My comments on prior discussion embedded below.

Gurjeet Singh <gurjeet(at)singh(dot)im> wrote:
> Tom Lane <tgl(at)sss(dot)pgh(dot)pa(dot)us> wrote:
>> Alvaro Herrera <alvherre(at)2ndquadrant(dot)com> writes:
>>> I'm not sure I understand the point of this whole thing.
>>> Realistically, how many transactions are there that do not
>>> access any database tables?
>>
>> I think that something like "select * from pg_stat_activity"
>> might not bump any table-access counters, once the relevant
>> syscache entries had gotten loaded.  You could imagine that a
>> monitoring app would do a long series of those and nothing else
>> (whether any actually do or not is a different question).
>
> +1. This is exactly what I was doing; querying pg_stat_database
> from a psql session, to track transaction counters.

+1

A monitoring application might very well do exactly that.  Having
the history graphs show large spikes might waste someone's time
tracking down the cause.  (In fact, that seems to be exactly what
happened to Gurjeet, prompting this patch~.)  I've been in similar
situations -- enough to appreciate how user-unfriendly such
behavior is.

>> But still, it's a bit hard to credit that this patch is solving
>> any real problem.  Where's the user complaints about the
>> existing behavior?
>
> Consider my original email a user complaint, albeit with a patch
> attached. I was trying to ascertain TPS on a customer's instance
> when I noticed this behaviour; it violated POLA. Had I not
> decided to dig through the code to find the source of this
> behaviour, as a regular user I would've reported this anomaly as
> a bug, or maybe turned a blind eye to it labeling it as a quirky
> behaviour.

... or assumed that it was real transaction load during that
interval.  There have probably been many bewildered users who
thought they missed some activity storm from their own software,
and run around trying to identify the source -- never realizing it
was a measurement anomaly caused by surprising behavior of the
statistics gathering.

>> That is, even granting that anybody has a workload that acts
>> like this, why would they care ...
>
> To avoid surprises!
>
> This behaviour, at least in my case, causes Postgres to misreport
> the very thing I am trying to calculate.
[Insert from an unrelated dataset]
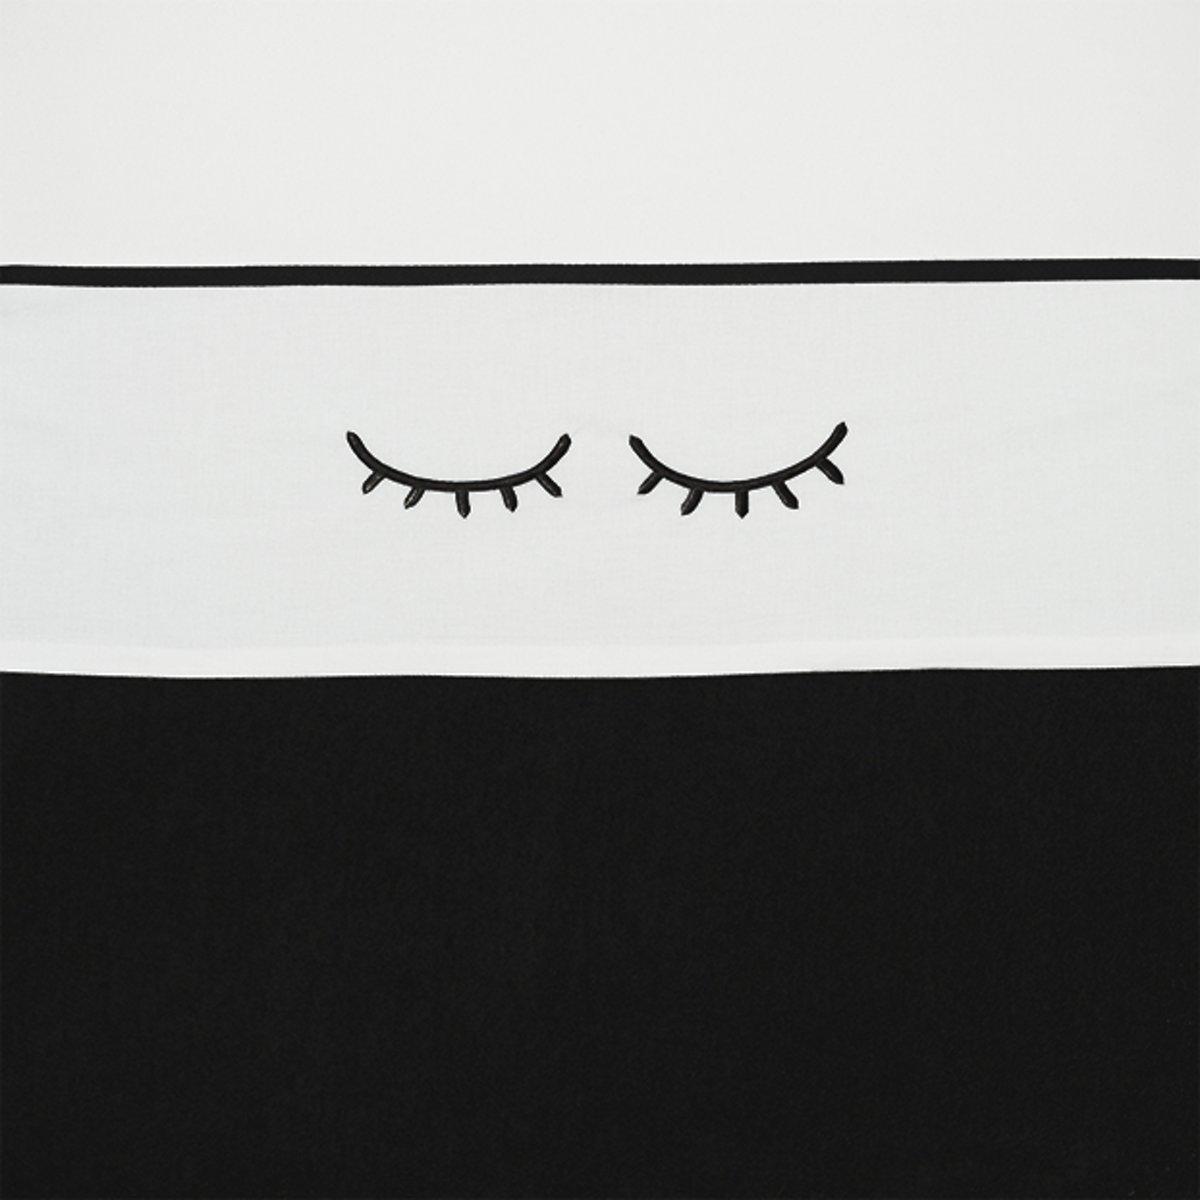 Meyco Sleepy eyes wieglaken - 75 x 100 cm - zwart

Yup.  What's the point of reporting these numbers if we're going to
allow that kind of distortion?

>> and are they prepared to take a performance hit
>> to avoid the counter jump after the monitoring app exits?
>
> It doesn't look like we know how much of a  performance hit this
> will cause. I don't see any reasons cited in the code, either.
> Could this be a case of premature optimization. The commit log
> shows that, during the overhaul (commit 77947c5), this check was
> put in place to emulate what the previous code did; code before
> that commit reported stats, including transaction stats, only if
> there were any regular or shared table stats to report.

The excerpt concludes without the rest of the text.